Wanting to understand more about the game and the man who was running it, I hurried to the kitchen and pulled the record from my purse. Carrying it back to the couch, I carefully unfolded it, smoothed out the wrinkles and studied the payments made to predators and prey. Not recognizing any of the names of the players, I looked over the types of games that had been played. None of them were dark room fantasies.

Without more information it was impossible to understand what could be gleaned from this one piece of paper, but the frustration didn’t last long. After an hour of studying names, audience counts, game types and amounts paid, my phone beeped from the surface of the table, a message flashing up at me from a man I was desperate to figure out.

You broke the rules, Mia. You’ve broken all of them. Regardless of my warnings.

Rules Schmules...I wasn’t too concerned about the ridiculous limitations he was using to corner me. I’d make my own rules, and he could choose to play by them.

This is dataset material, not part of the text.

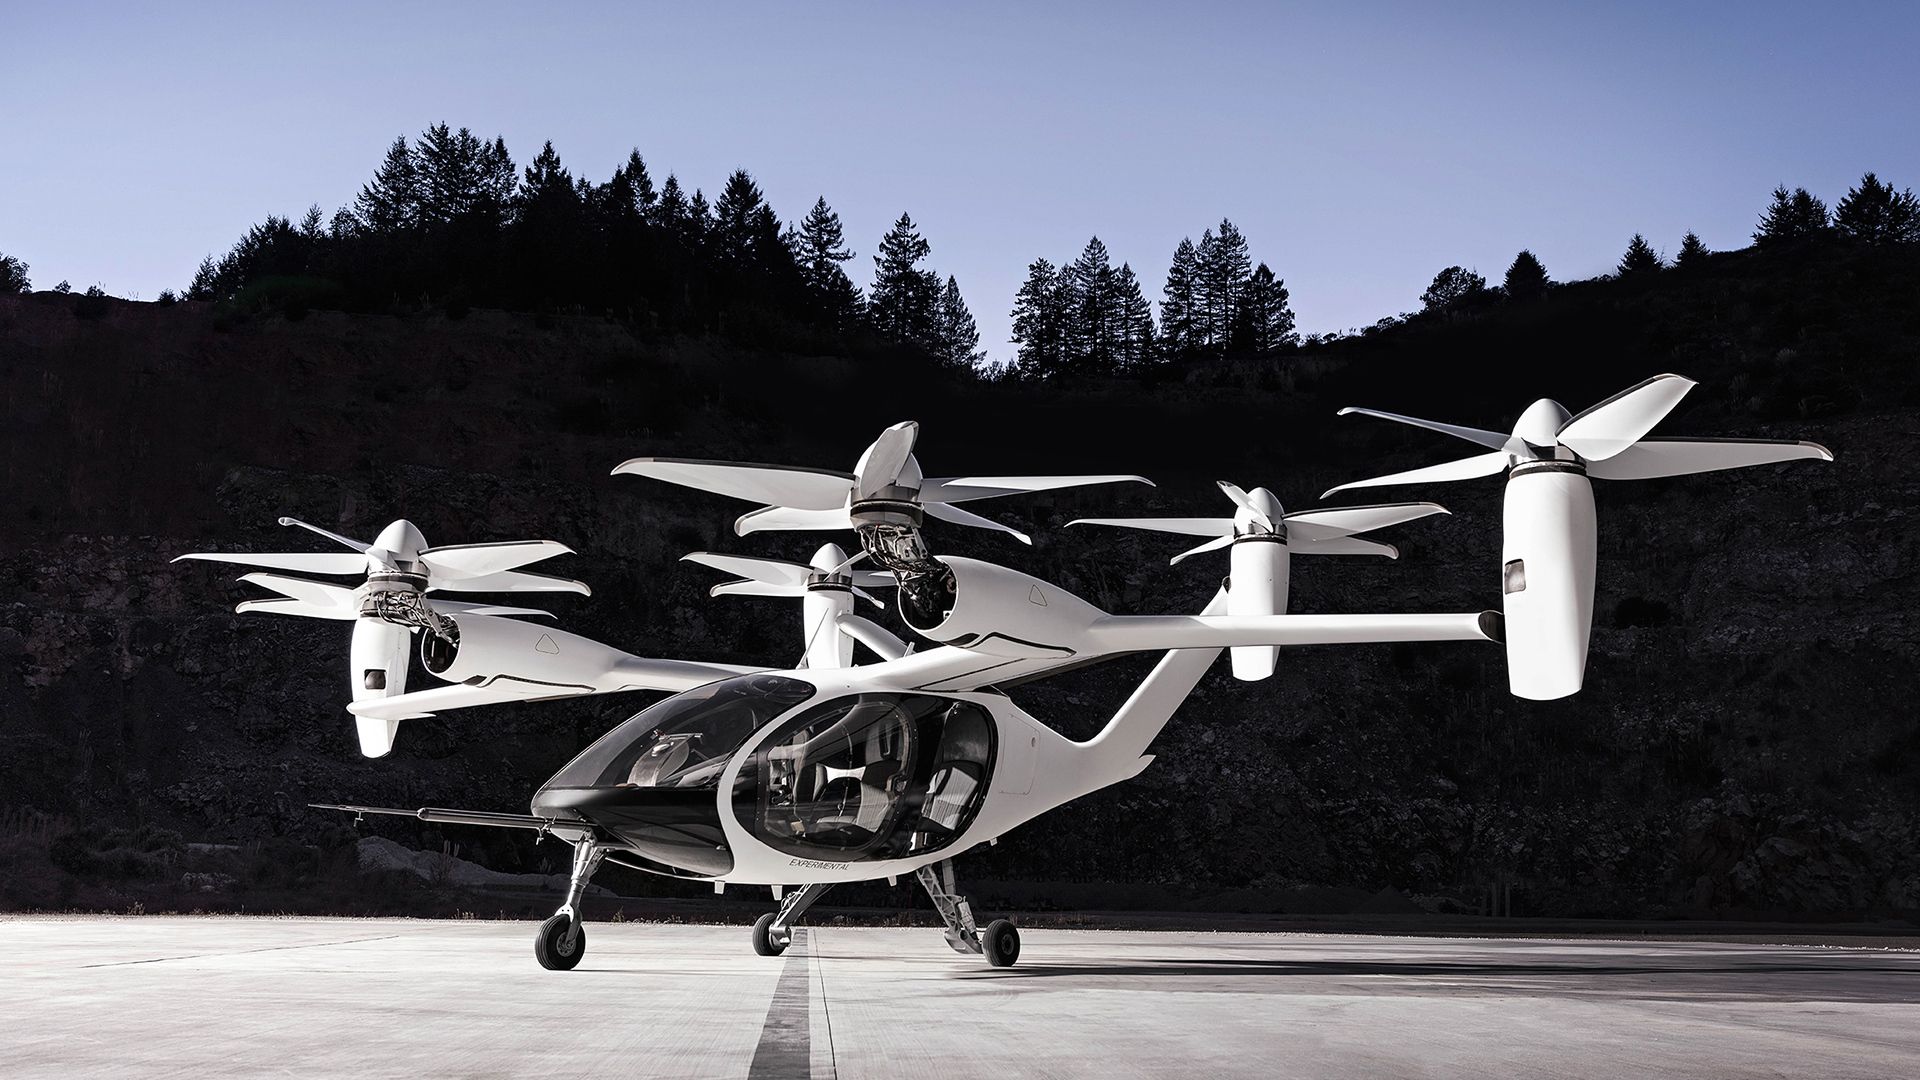 Image of Joby Aviation's multi-rotor air taxi, which looks like a drone crossed with a helicopter

You broke the rules, too, I answered, and I’m tired of rules, so I refuse to keep playing this game the way you want to play it. You want to scare me? Good luck. I’m not frightened of a man who’s too afraid to show his own face.

Nodding my head once in emphasis of my taunt, I wished he could see the determination in my expression. But if this had to be played out over phone messages and behind closed doors, then I would figure out how to drag him from those shadows into the light. Maybe this was what he meant when he told me we couldn’t be together in a normal way. Maybe Donovan was more screwed up than a man who refused to speak. Maybe he was a man plagued by tragedy so thoroughly that he couldn’t bear to move on in a way that could be openly seen.

I couldn’t reach him as a normal woman does a man, so I was willing to try another way, regardless of how abnormal it was.

As I waited for his response, a thought occurred to me: I hadn’t been assigned to some random predator in this game. Donovan Stone had kept me for himself. And given the timing of when I’d signed up and when we’d first met, it was safe to assume that he’d wanted me since the interview in his office, since the day he’d sent me off and then dragged me back in with two emails that had arrived at the same time.

I had to be stupid to have not noticed the coincidence, to have not questioned the timing of everything that had occurred.

I wouldn’t be stupid any longer.

You act like you know who I am. And yet, knowing that, and knowing what you’ve done to me, you act like you’re safe. I’m not done playing with you just yet, little girl. I haven’t even begun to show you what I’m capable of.

Oh, I knew very well what Donovan was capable of. I’d felt it the night we danced. I’d understood it when he’d offered me revenge against Clayton on a silver platter. I fell victim to it when he settled me on the edge of his desk and showed me what his tongue and hands could make me feel. I’d become addicted when my body responded to his scent, his stare, his touch...to him.

Little girl. Ha! I’d show him little girl. I hadn’t been little since the day I was forced to grow up by the cutting words and angry, bruising hands of my father. And now that I’d learned to step out of my shell and make my demands, I was dead set in my focus to pull Donovan from his.

Then come and get me. I’m not scared. The question is: Are you?

He didn’t respond. Not that I expected him to. I’d just smacked the ball directly into his court, and I was ready for whatever he wanted to do with it.